Although it’s sometimes reasonable to not write tests, this kind of thing usually happens when everyone is being threatened with the sack on a daily basis, rather than lacking engineering skills
When you get a better job then think about tests. Your health is first.
That was a solid product!
https://en.m.wikipedia.org/wiki/Cowboy_coding
Granted, there were theoretically some bits that could have been tested using automation, but those weren't the bits that ever caused any trouble.
If you’re building a lot of small, one-off tools for internal use, it may well be the case that some limited manual QA or UAT is sufficient to ensure that your work is good enough.
If you’re working on larger, more complex projects that are frequently updated, the shorter feedback loop that some amount of automated tests provide will probably save time and money by catching problems earlier, avoiding regressions, and reducing the need for repetitive, time-intensive manual testing.
But in any case, your testing needs will always be highly specific to the actual nature and needs of the project.
I view it differently.
We get paid to solve business problems, most often -- but not always -- with software.
Software that's broken in preventable ways doesn't solve business problems, it just creates new ones.
Outcomes, not output.
I think you may be missing OPs point. Software "that's broken in preventable ways" very frequently does solve business problems. And solves them well. That's why the industry works the way it does w.r.t. testing.
6 months to deliver 2 applications that each work 80% often provides more business value than 6 months to provide one application that works 100%. More functionality almost always is more valuable to a business - including warts and all.
I agree with this:
> 6 months to deliver 2 applications that each work 80% often provides more business value than 6 months to provide one application that works 100%.
Though this is a question of product management prioritisation, not engineering practice. "It's faster to not write tests" depends entirely on a definition of completion that ignores the cost of repairing defects and coping with faults and failures in production.
If a piece of software literally will not launch period, then it is broken. If it can do pretty much anything more than that, then it "works to some degree", and just has some number of scenarios that are broken. And my point is that if it has 80% of scenarios that work and 20% of scenarios that are completely functionally broken (ie do not work at all for the customer) that still provides business value. That's the point I'm making. It's not ideal, but in the real world half broken software is immensely valuable.
> Software that's broken in preventable ways doesn't solve business problems, it just creates new ones.
So software that is broken in preventable ways, absolutely does solve business problems. And just about the entire software industry is proof of this.
If your software is designed to support, augment, or automate some sort of internal need for non-IT teams, there's a significant chance that there's already an inefficient, error-prone process in place as-is. Because even without your software, they still have to get their job done. And they're used to having a "good enough" mindset because they're used to making due with whatever tools/capabilities they have, regardless of fit.

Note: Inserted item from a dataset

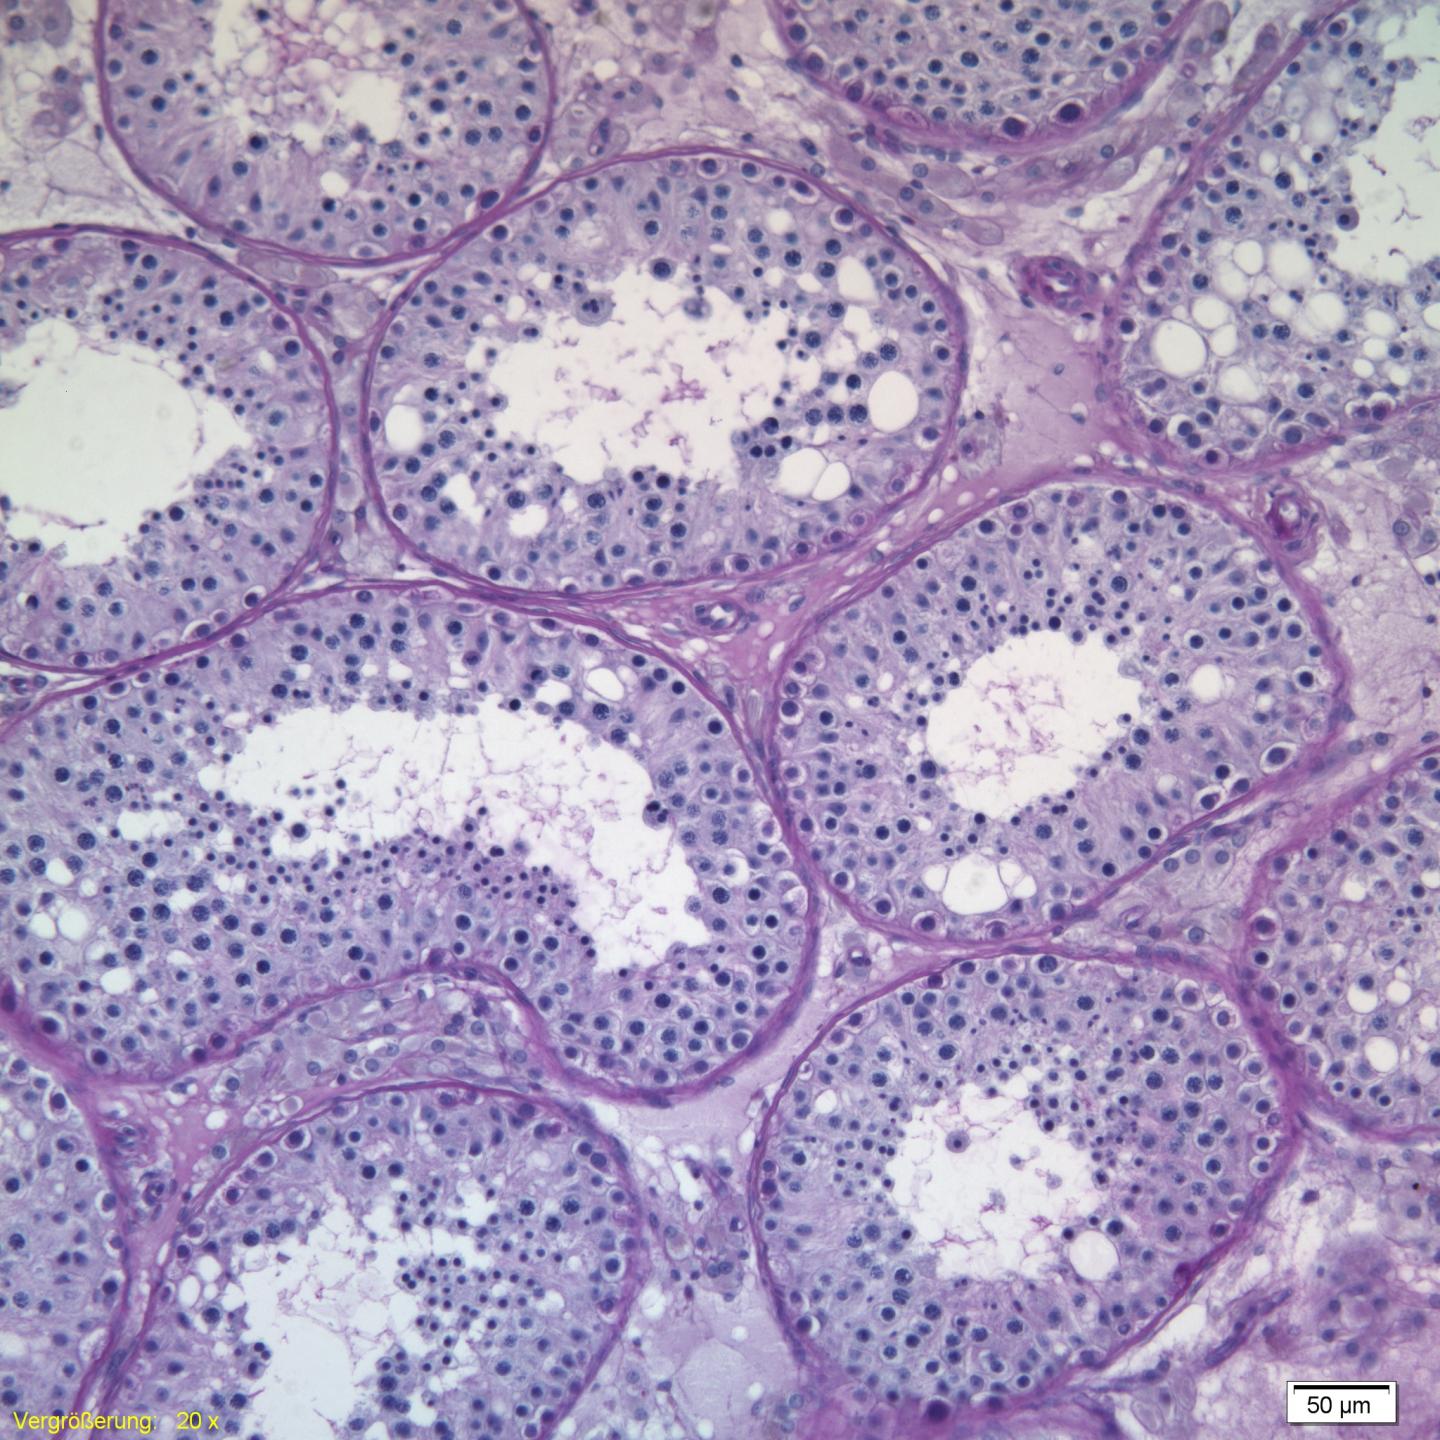 Section of a Normal Testes of a Young Man
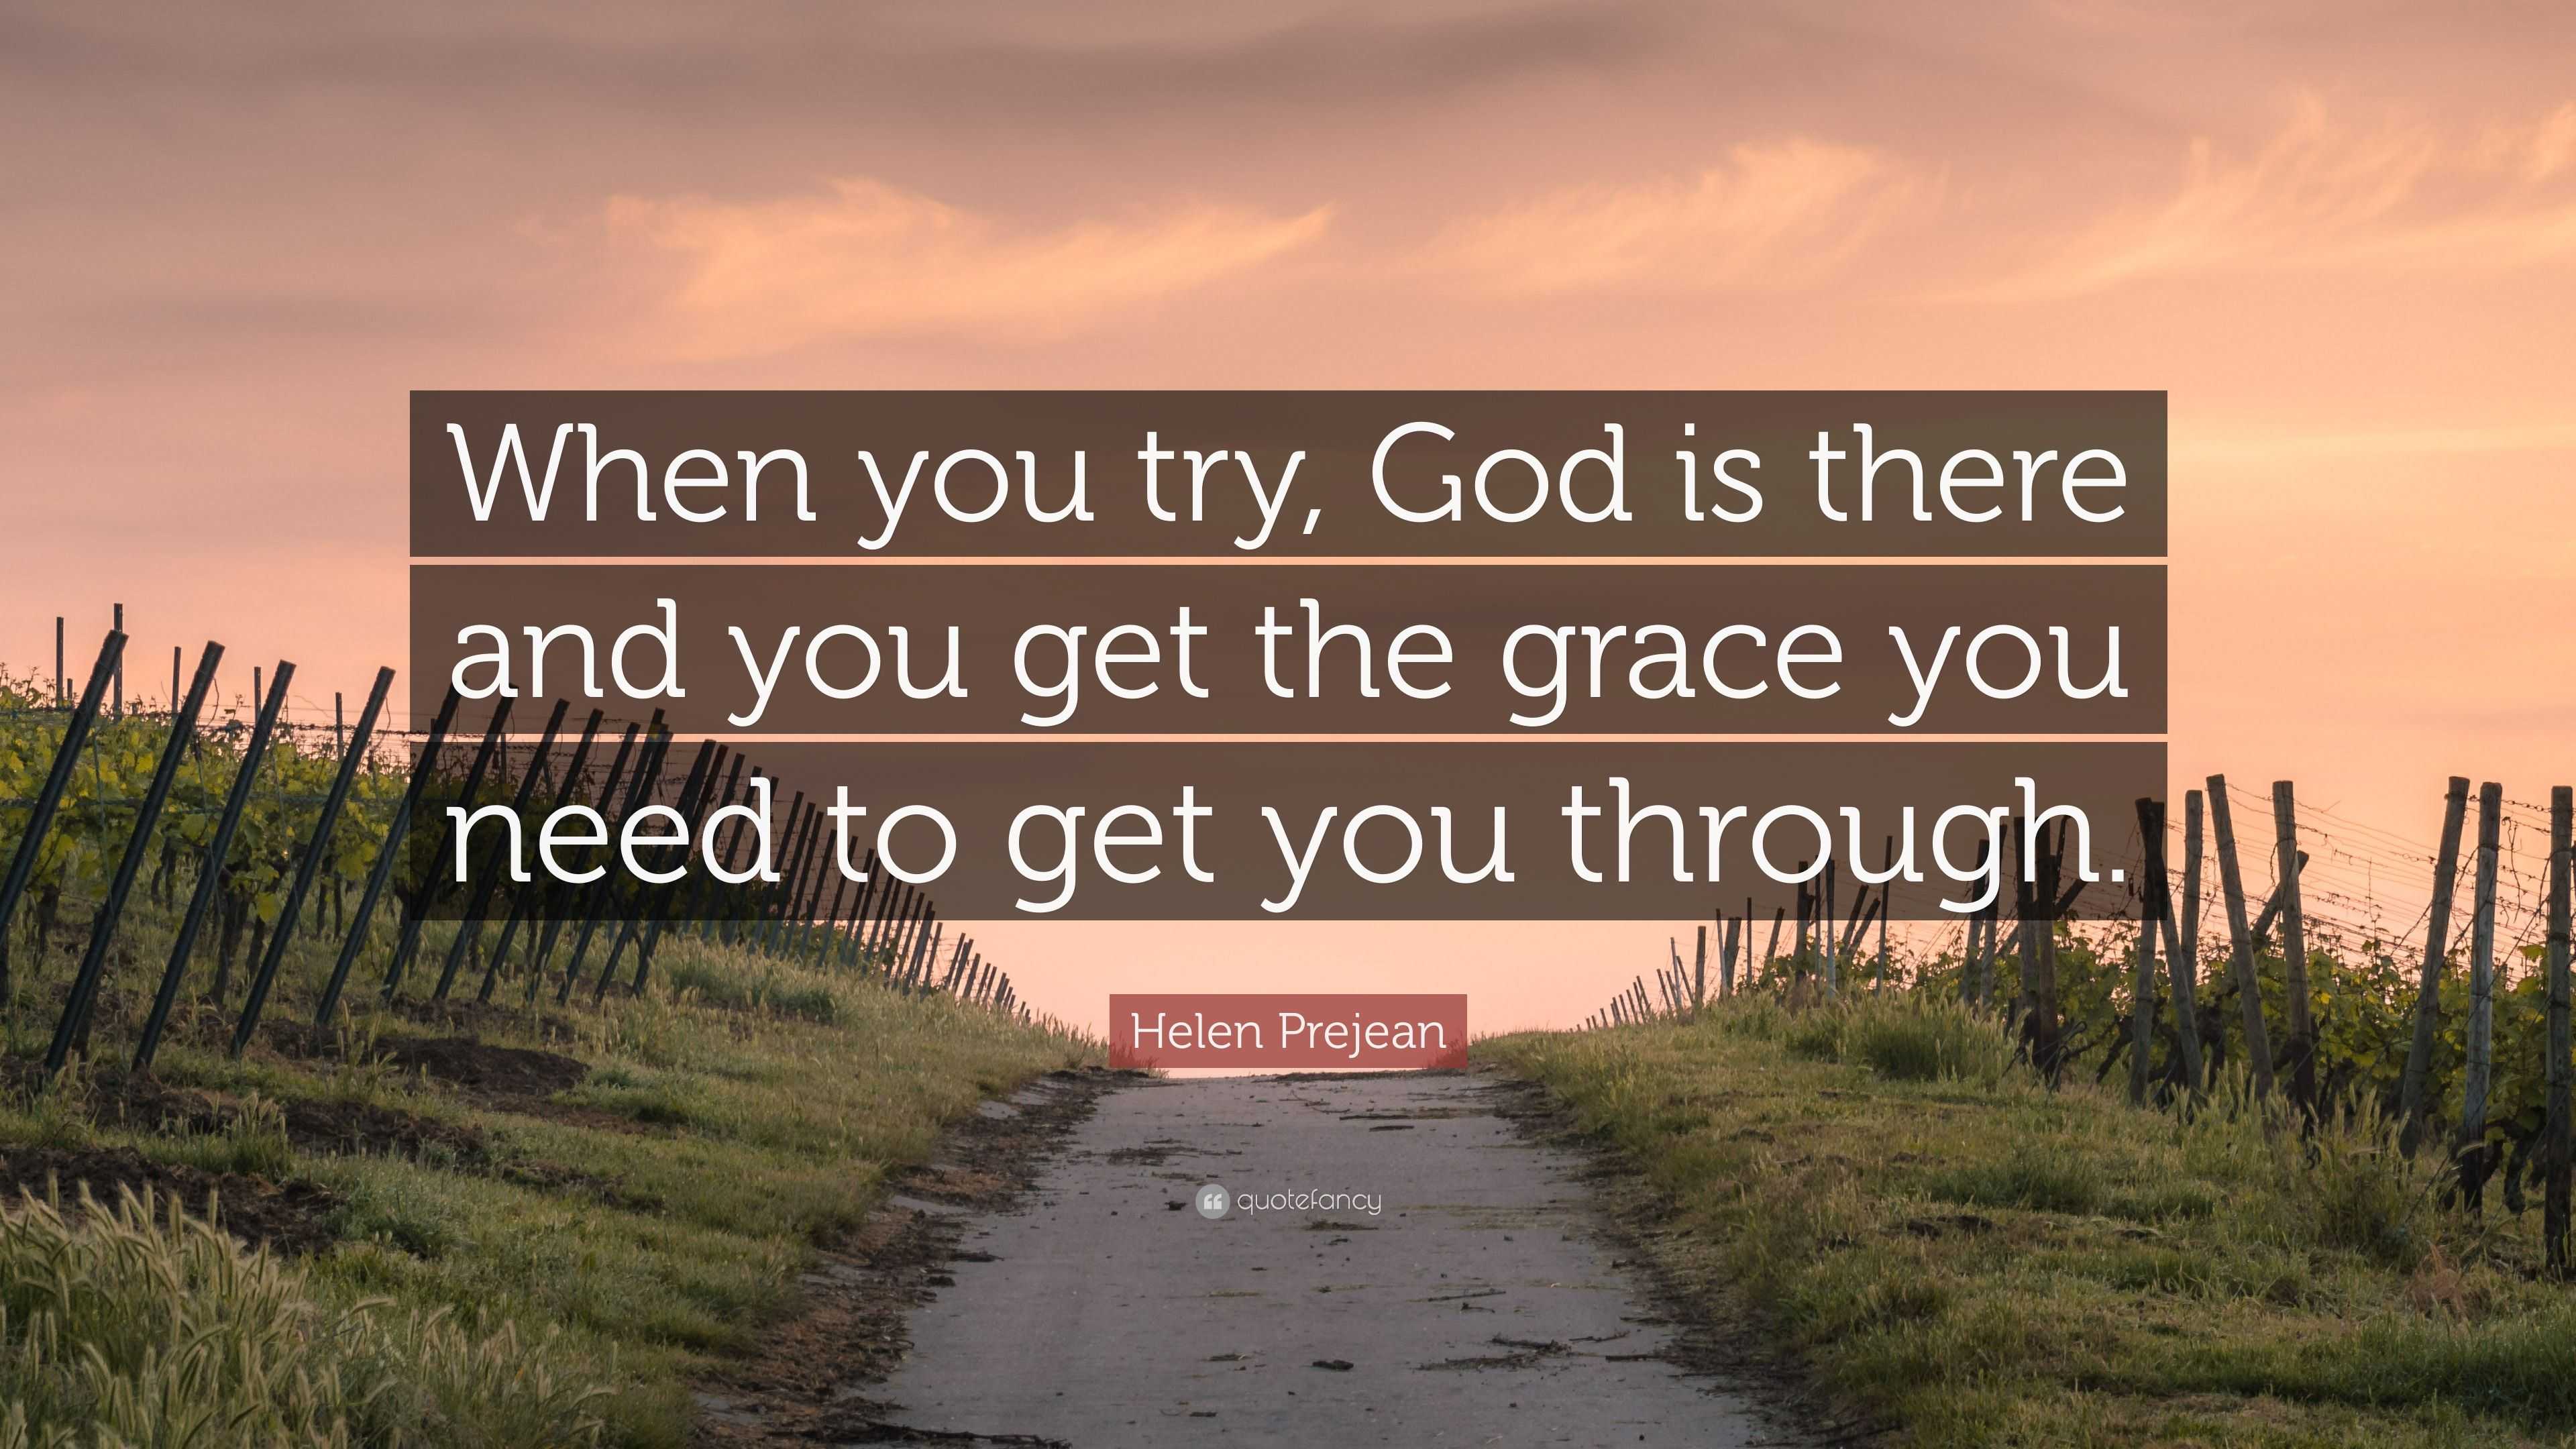 Helen Prejean Quote: “When you try, God is there and you get the grace ...

As long as your software addresses their needs[1] and isn't any more error prone than whatever they're currently doing, they'll be happy. That said, whenever possible you do want to code your failure conditions or edge cases to fail hard and visibly or expose visible checks for the user. If it covers 80% of their needs, but they have to fall back to their old process for the other 20% of their needs, business users are generally happy with that. But if it pretends to work 100% of the time, but subtly and silently causes problems 20% of the time (and they don't know what 20%), then they'll be distrustful of it and resist (or resent) adopting it.
For externally-exposed software, I'd be a bit more wary of not having any tests at all. But for internal tools, I've seen far more systems without tests than with them.
I've heard this double-standard before, and it sounds plausible at first glance, but is quite demonstrably nonsense.
1) Automated tests are software
2) Engineers aren't paid to produce software (nobody would pay me to auto-generate a billion "hello world" programs per second). Engineers are paid to solve problems and/or create value. Tests solve problems (finding bugs, demonstrate usage, clarify thinking, document intent, etc.).
3) Software is a liability, not an asset. We should produce as little as needed, and delete it if possible.
4) Engineers aren't paid to perform manual testing (running commands over and over, clicking around web forms to see what happens, etc.)
a) users do crazy things. b) eating your own dogfood is worth it.
That doesn't mean engineers are paid to go through a list of regressions and edge-cases, look for broken links, double-check calculations with pen-and-paper, etc. All of that can be done across an entire site automatically in seconds; there's no excuse not to.
> a) users do crazy things
Again, thinking we can check such things better than a computer is misguided. Test frameworks like QuickCheck can stress-test a system with far more strange inputs/transitions than I could hope to think of.
Which is assumed to be free of defects because people are suckers for circular reasoning.
We can increase our confidence by trying a few examples, but only a little, since the scope for failure is so huge.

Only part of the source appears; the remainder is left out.